WOW! The days after taking the Prednisone was awesome. My energy was back. My 8-12 bowel movements a day was now like 3 a day. My BM started getting some form to it. I felt like I could conquer the world. But that lasted about 5 days. By the time of my one week check in via phone call, I was feeling a little crappy again. And they wanted to lower my Prednisone dose. So I did and I started going down hill again. And I didn't have another appointment until April 3rd. So I myself went back to 40mg but it did nothing. At my appointment we were talking about treatments. They are going to put me on Humira pen.

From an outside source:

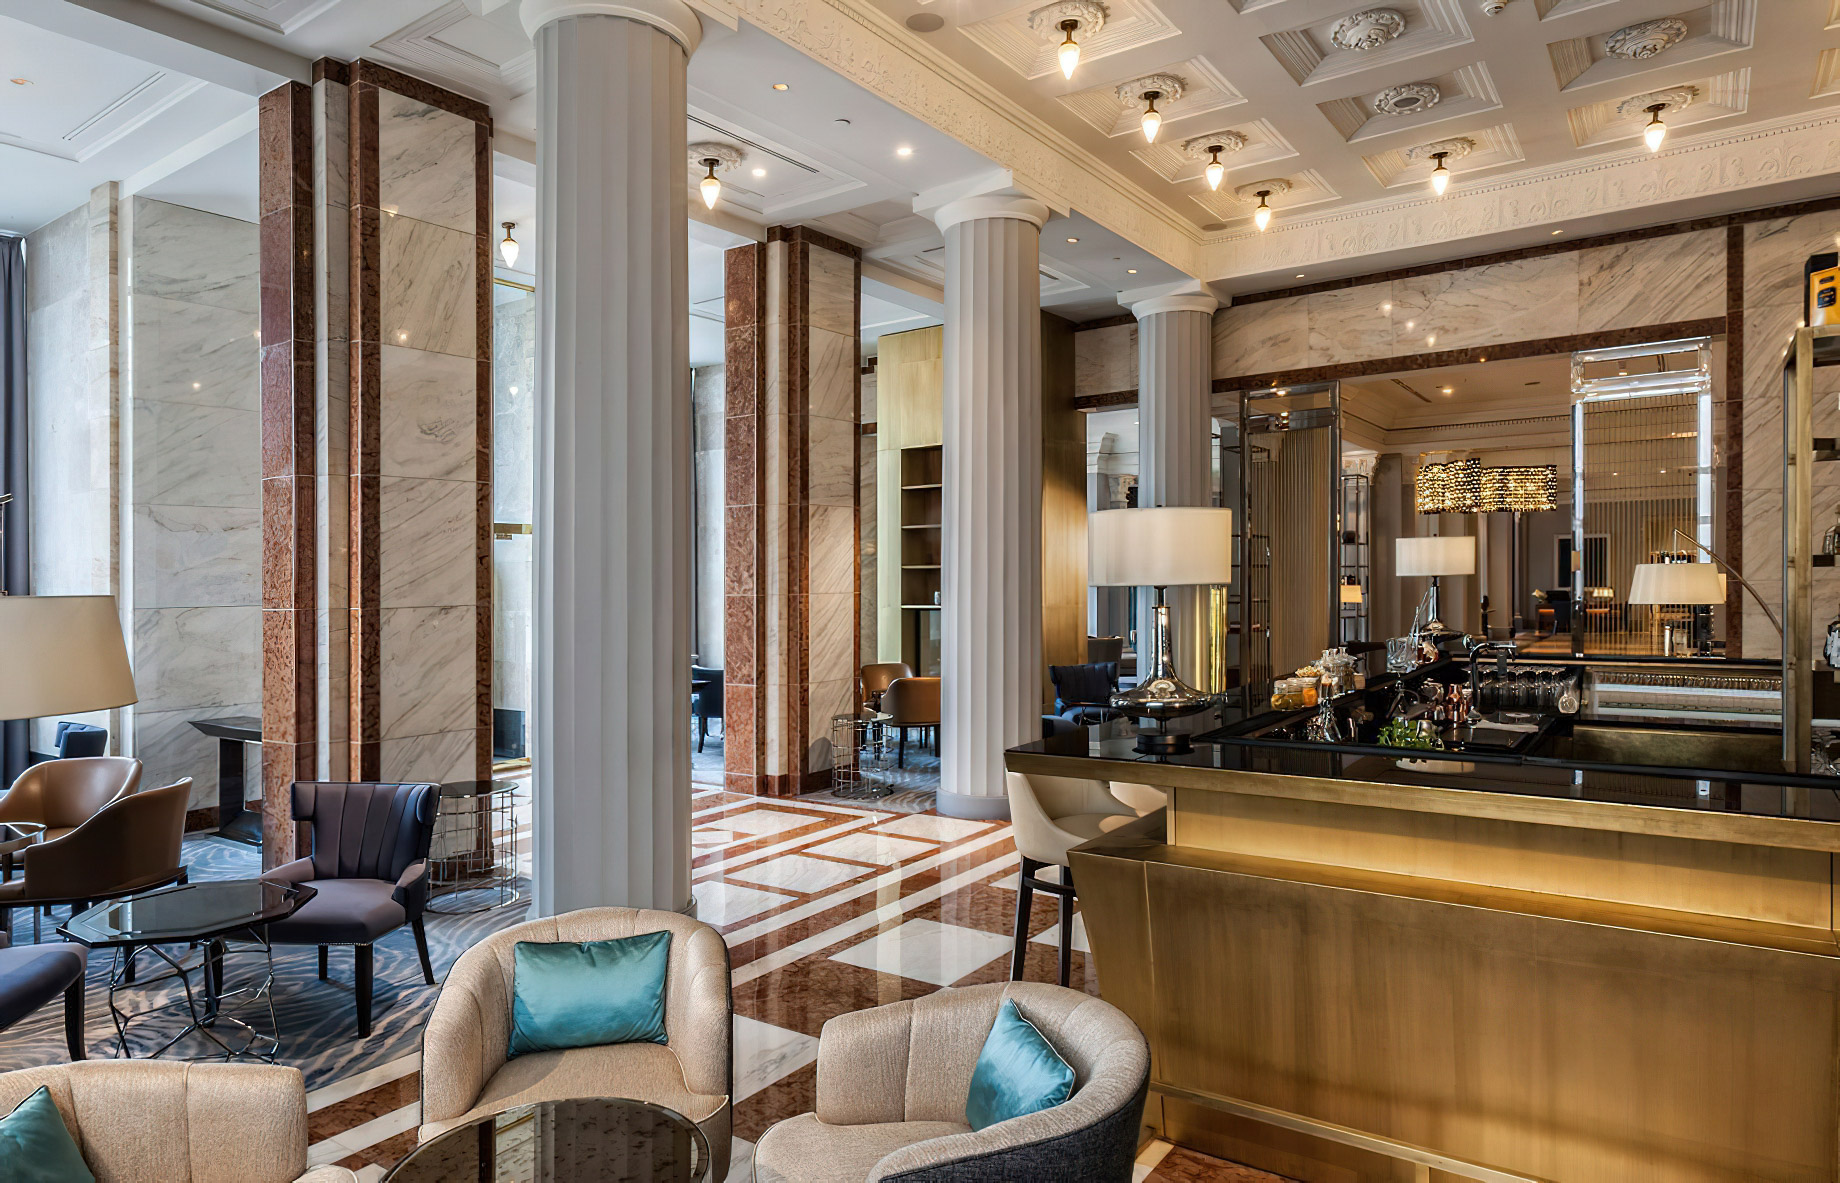 The Ritz-Carlton, Budapest Hotel - Budapest, Hungary - Kaffee Wein Interior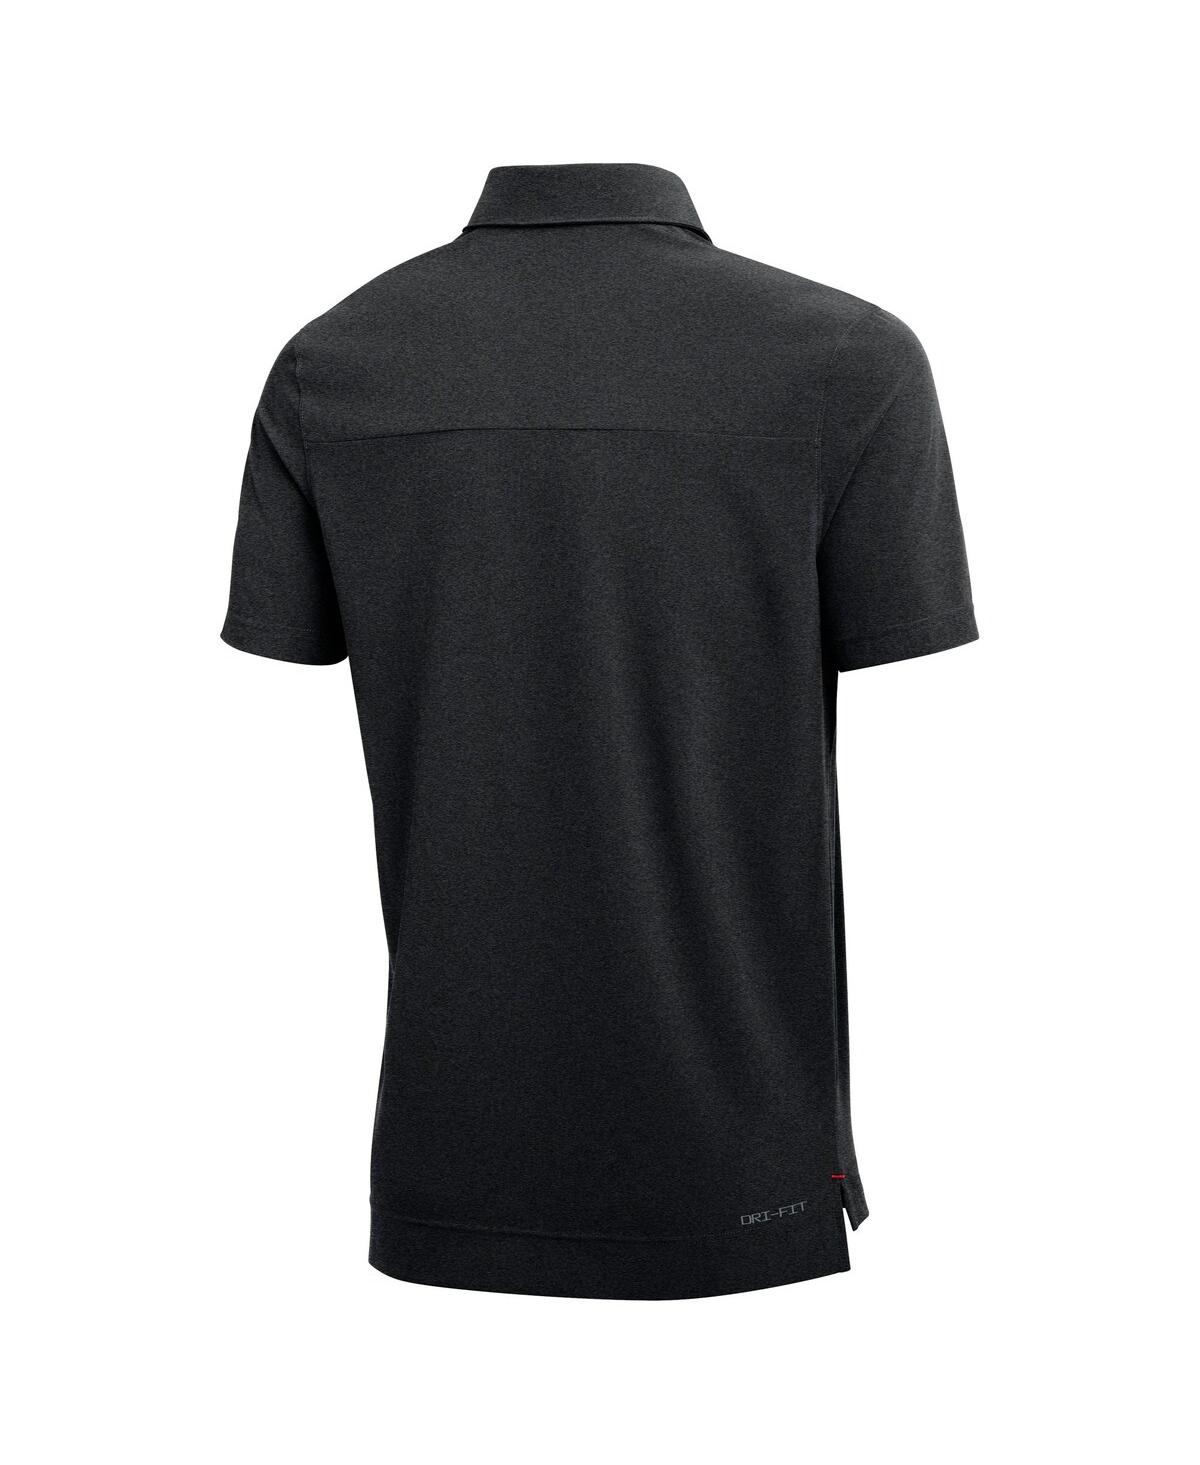 Shop Nike Men's  Heathered Black Ohio State Buckeyes Coach Performance Polo Shirt

She also told me to up my Prednisone to 60mg. But it is doing nothing anymore. Had more blood tests. Get a call the next day and they forgot to do 2 blood tests. My health was going down hill again. I couldn't make it the next day to do the blood work. My Doc is about 35 miles away. I have to use imodium if I go anywhere and sometimes that's iffy if it will work or not. I have fistulas "down there" and there is bowel movement coming out of them. So you can imagine the searing pain that it causes me. And my energy was just draining out of me.
For 2 days in a row I couldn't make the trip to have the blood work. I honestly thought my body was shutting down. Unbelievable hot flashes that feels like boiling water in me. The cramping in my stomach was severe. Never had what I call pain in my stomach. Unless my idea of pain is different from everyone. What I call it is various levels of cramping. As if there is a 20 pound watermelon trying to work its way through my guts. And at times it makes me want to cry. When the severe cramping hits I have uncontrollable gagging. Never throw up. Just gag my head off until I have a bowel movement and I feel fairly decent after considering. Over the weekend, 4/7/18, I started feeling a little better. Energy came back some. On 4/9/18 I made it to the Doc to do my blood tests but that was all. I was drained. So here I am. Waiting for my blood tests to be ok'd to start Humira.
Like I said, I have never had any major ailment in my life. And this is one heck of a thing to have for my first one. This is unbelievable. In about 4 months I have lost about 70 pounds. Sure I need it but not like this.